**WORK TO COMPLETE:**
Recreate the listing that follows line for line, without pictures.

**SOURCE DATA:**
■ ■ ■ ■ ■

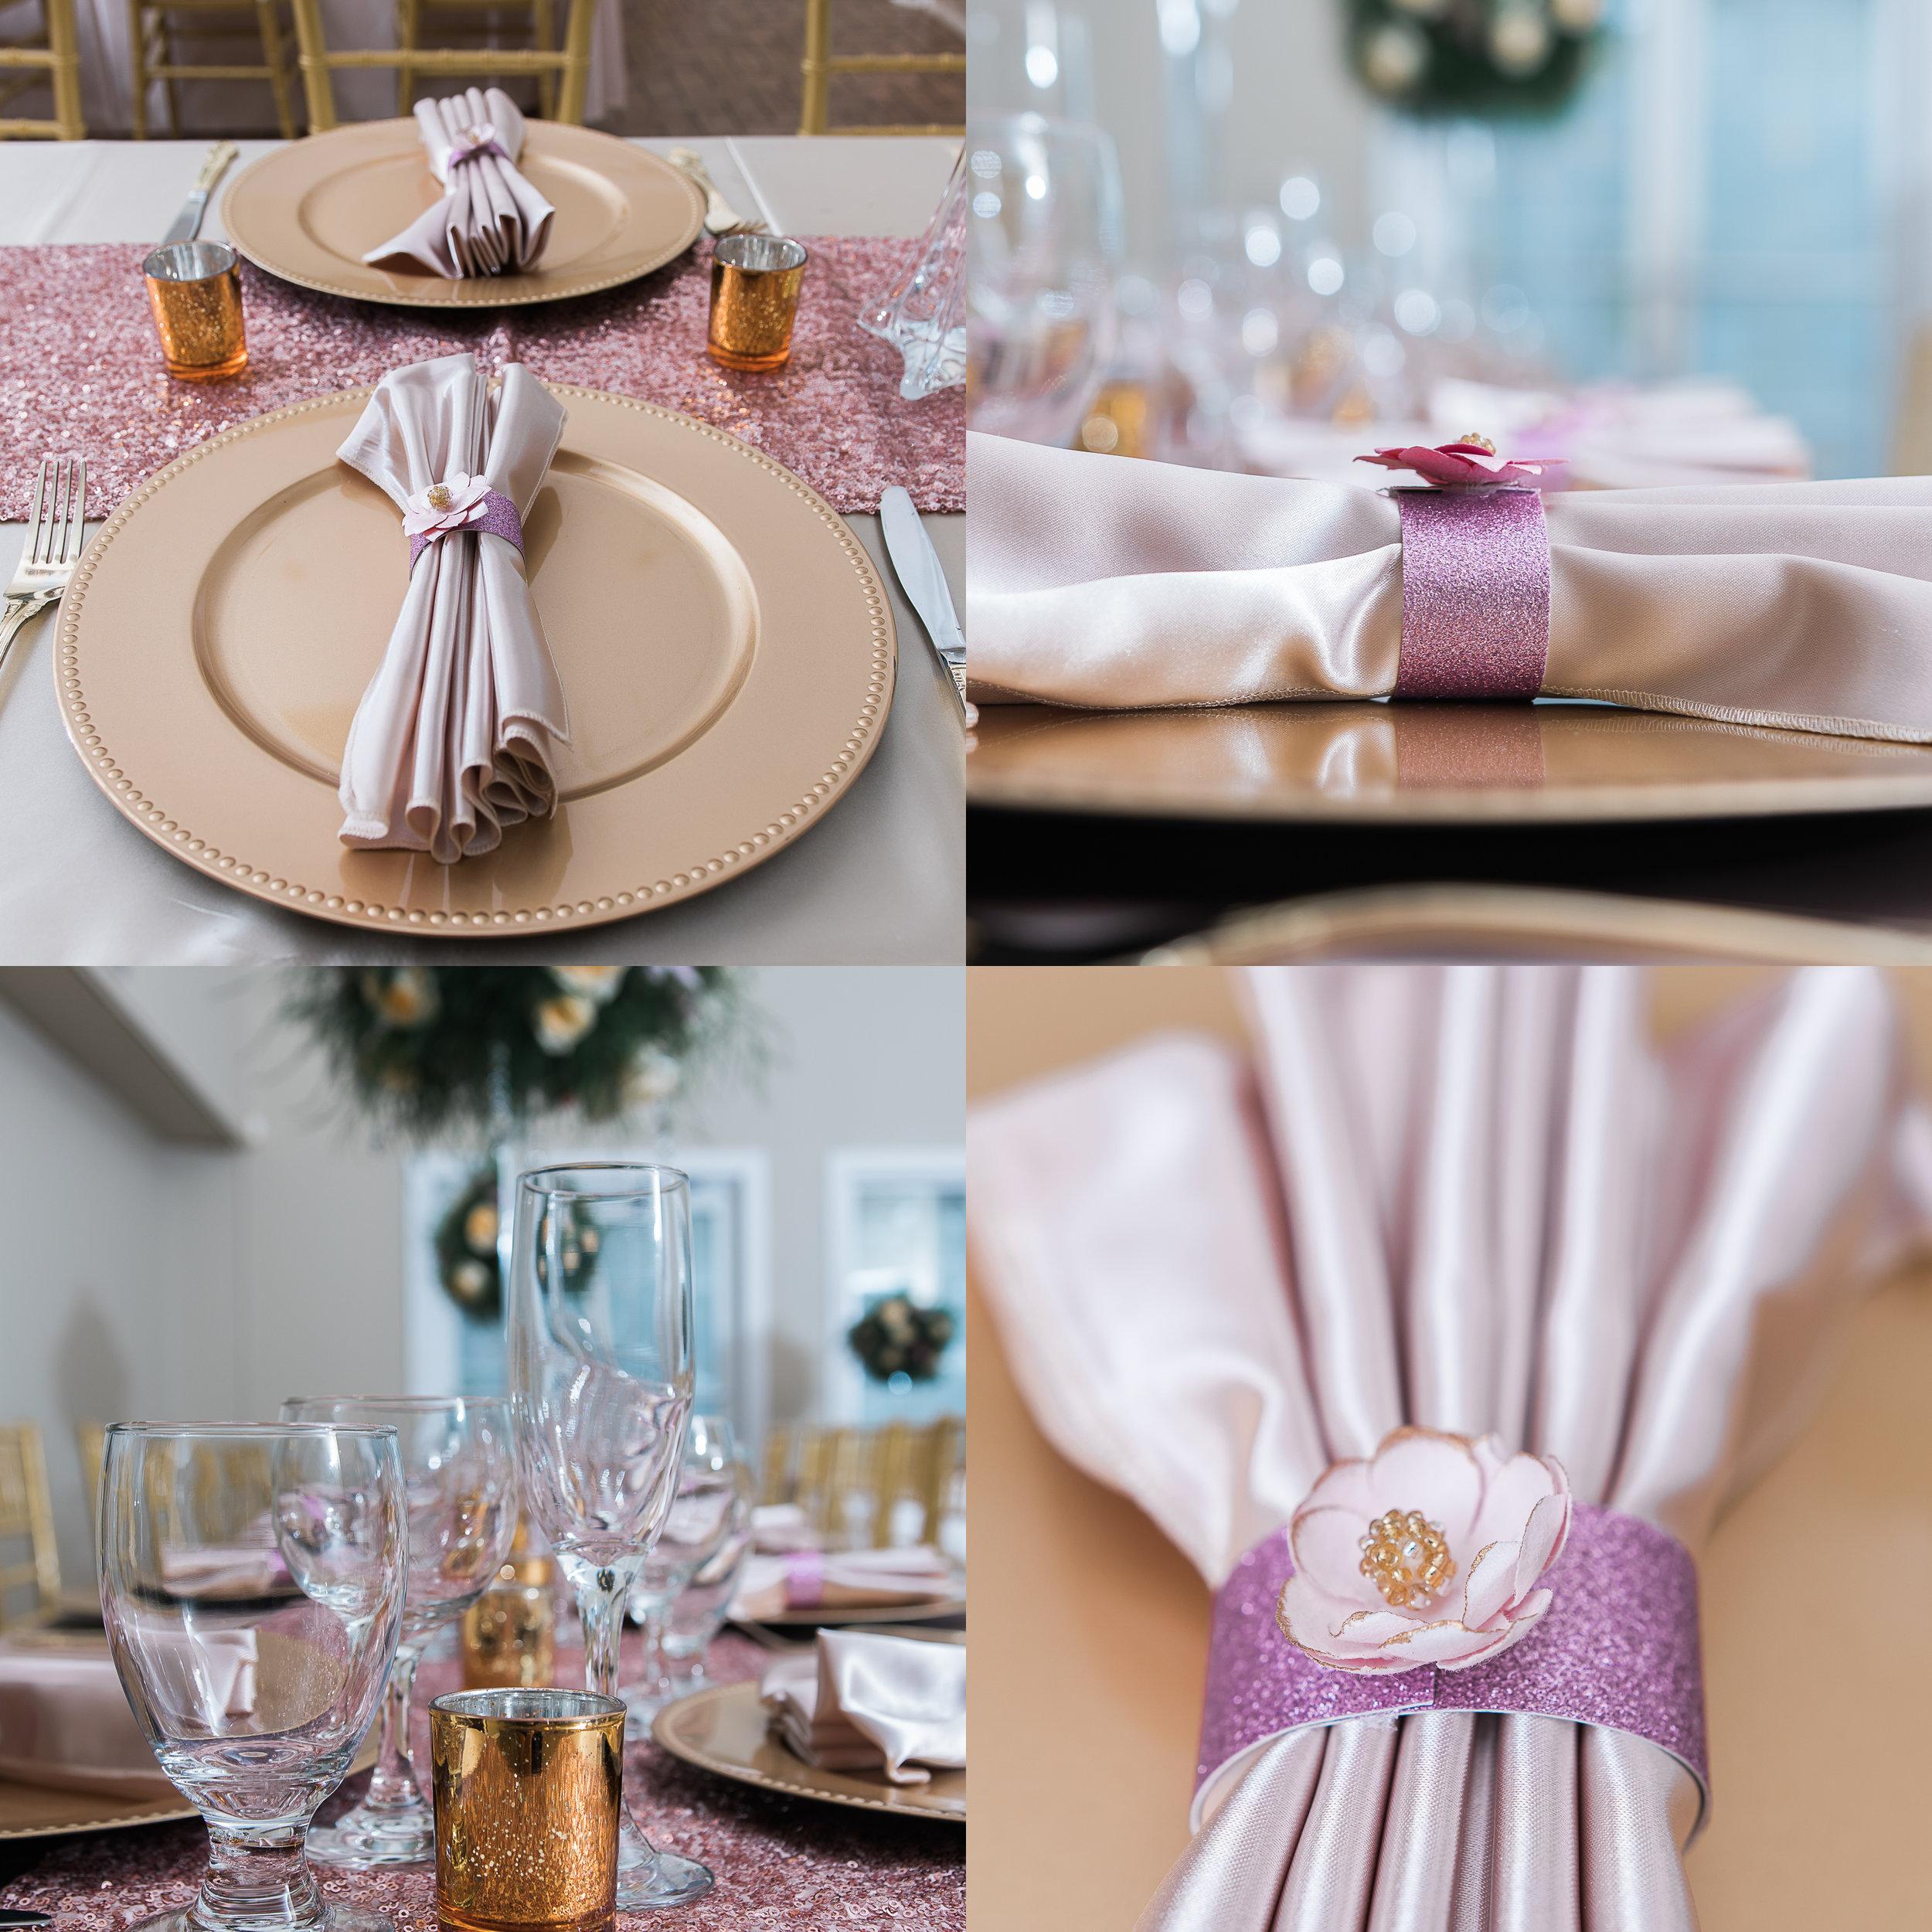 Bok-Tower-gardens-wedding-photography, Tampa-wedding-photography, Florida-wedding-photographer, wedding-details-golden-pink
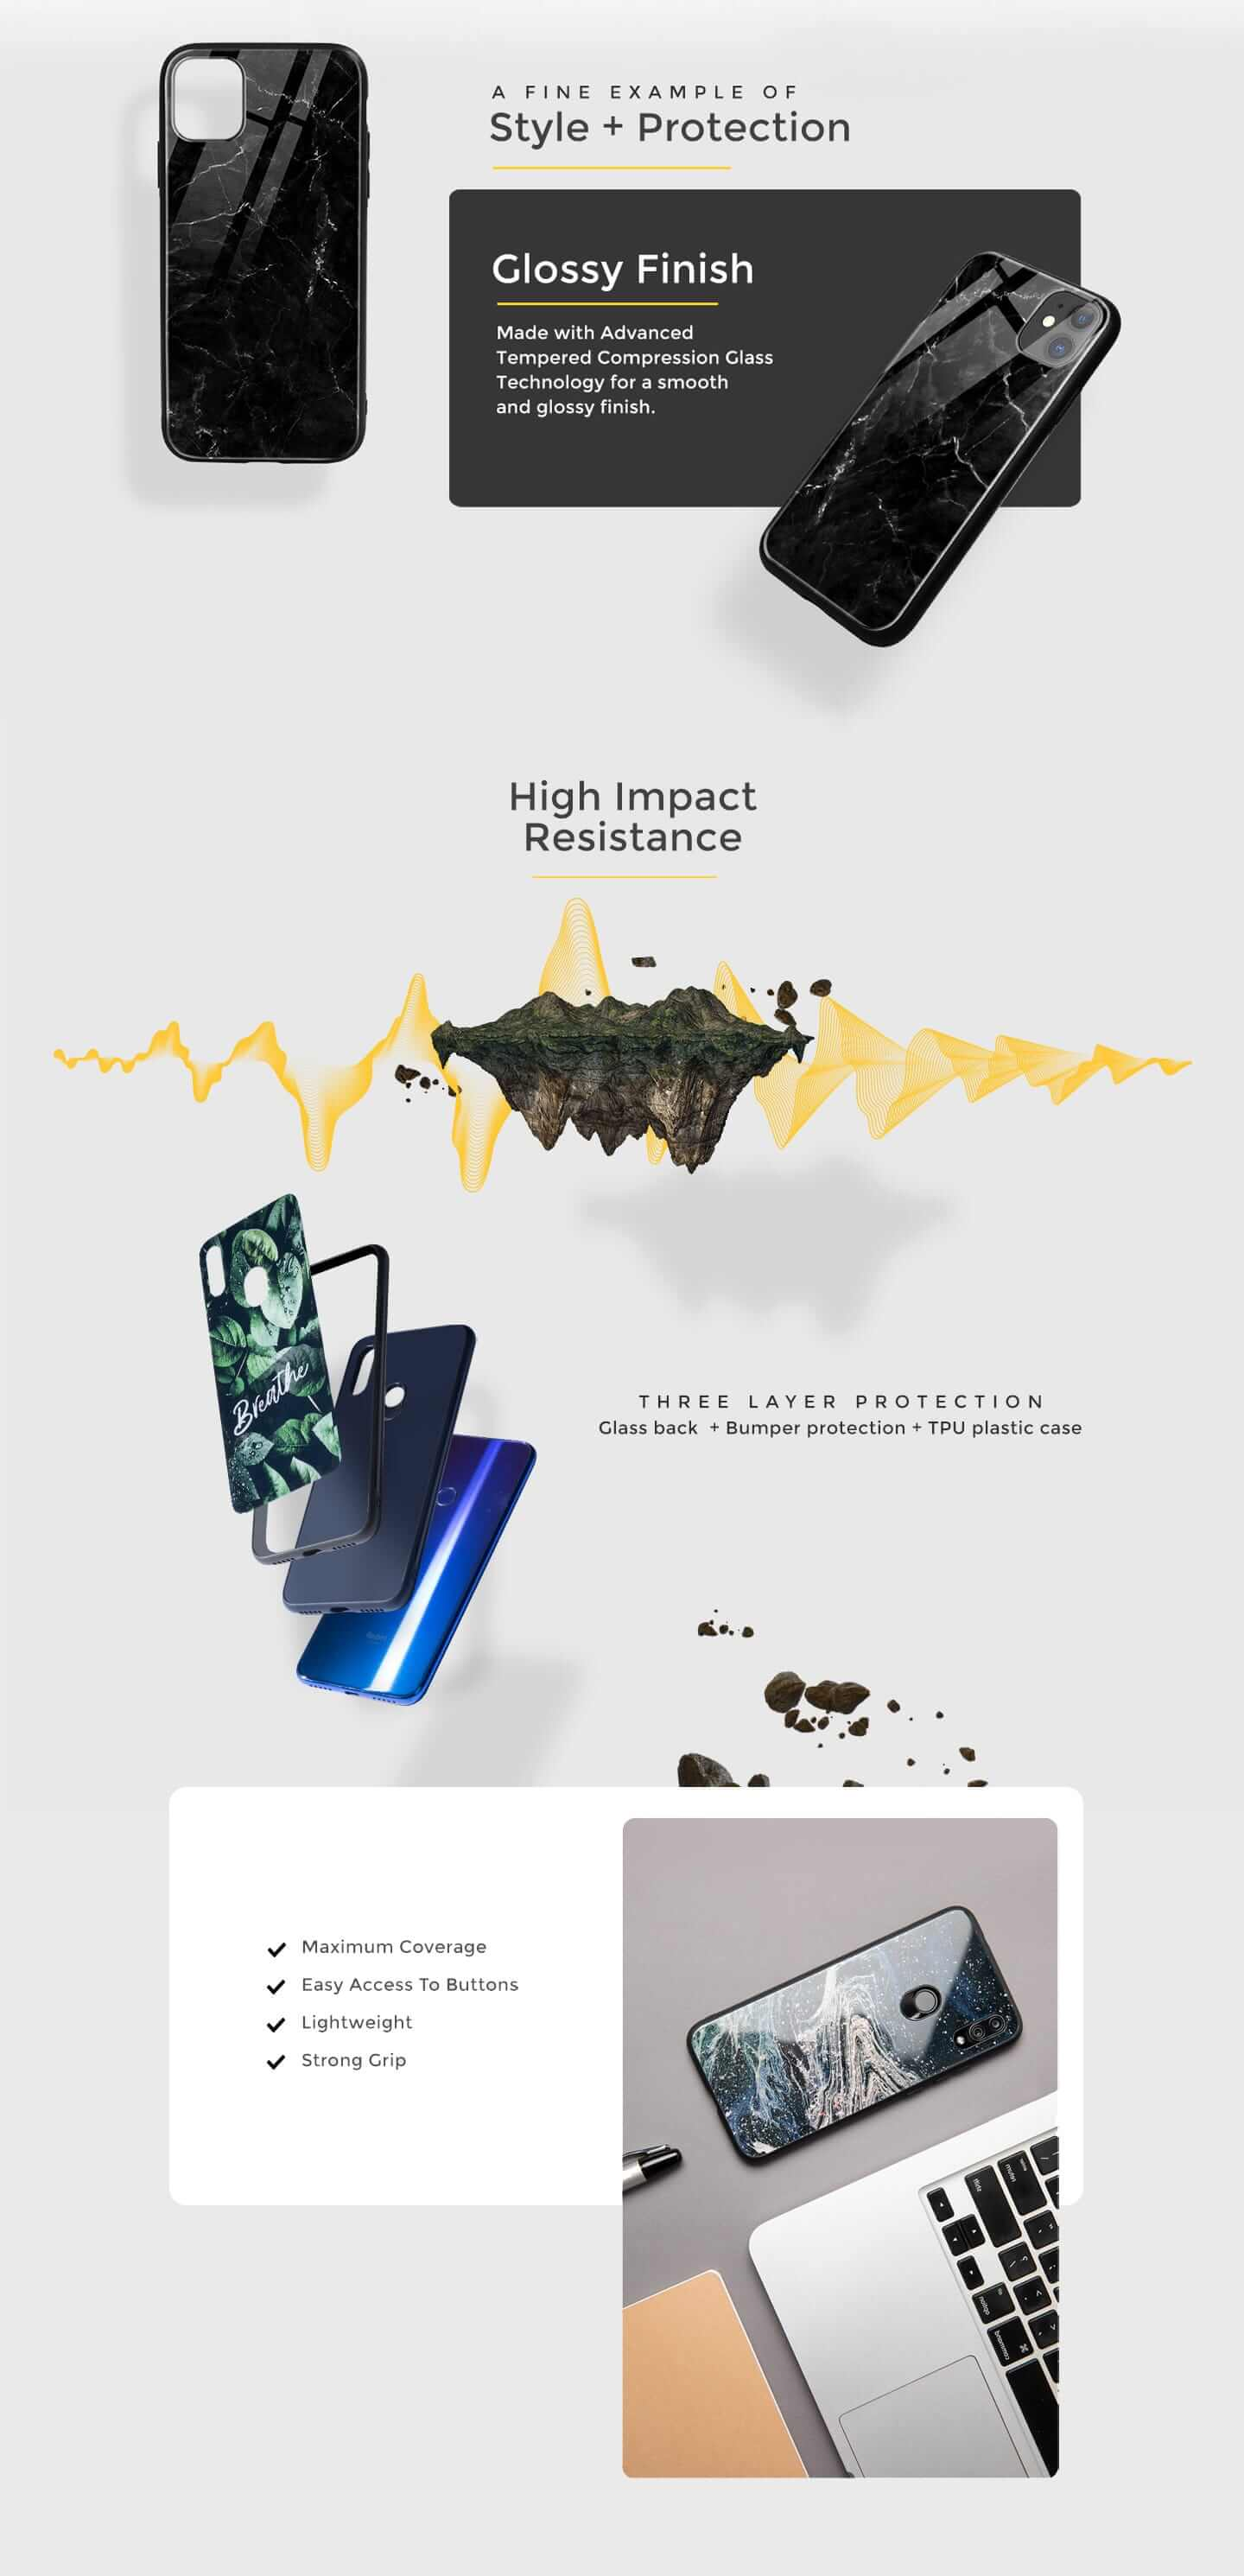 Hipster Yellow OnePlus 8 Pro Mobile Cover Description Image Website 0@Bewakoof.com
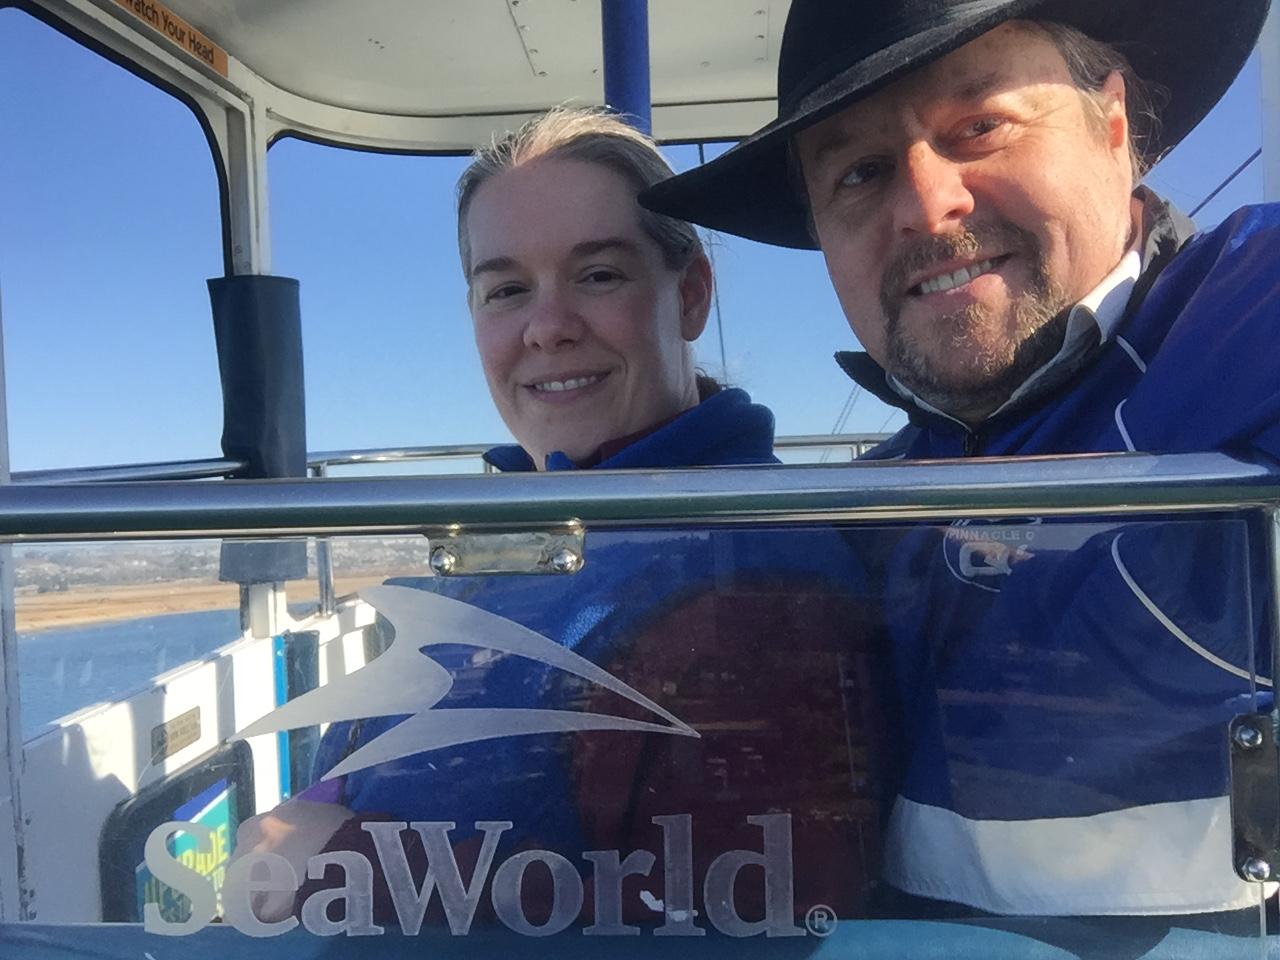 Seaworld, CA 2017

■ ■ ■ ■ ■

**TASK RESULT:**
 Bok-Tower-gardens-wedding-photography, Tampa-wedding-photography, Florida-wedding-photographer, wedding-details-golden-pink
 Hipster Yellow OnePlus 8 Pro Mobile Cover Description Image Website 0@Bewakoof.com
 Seaworld, CA 2017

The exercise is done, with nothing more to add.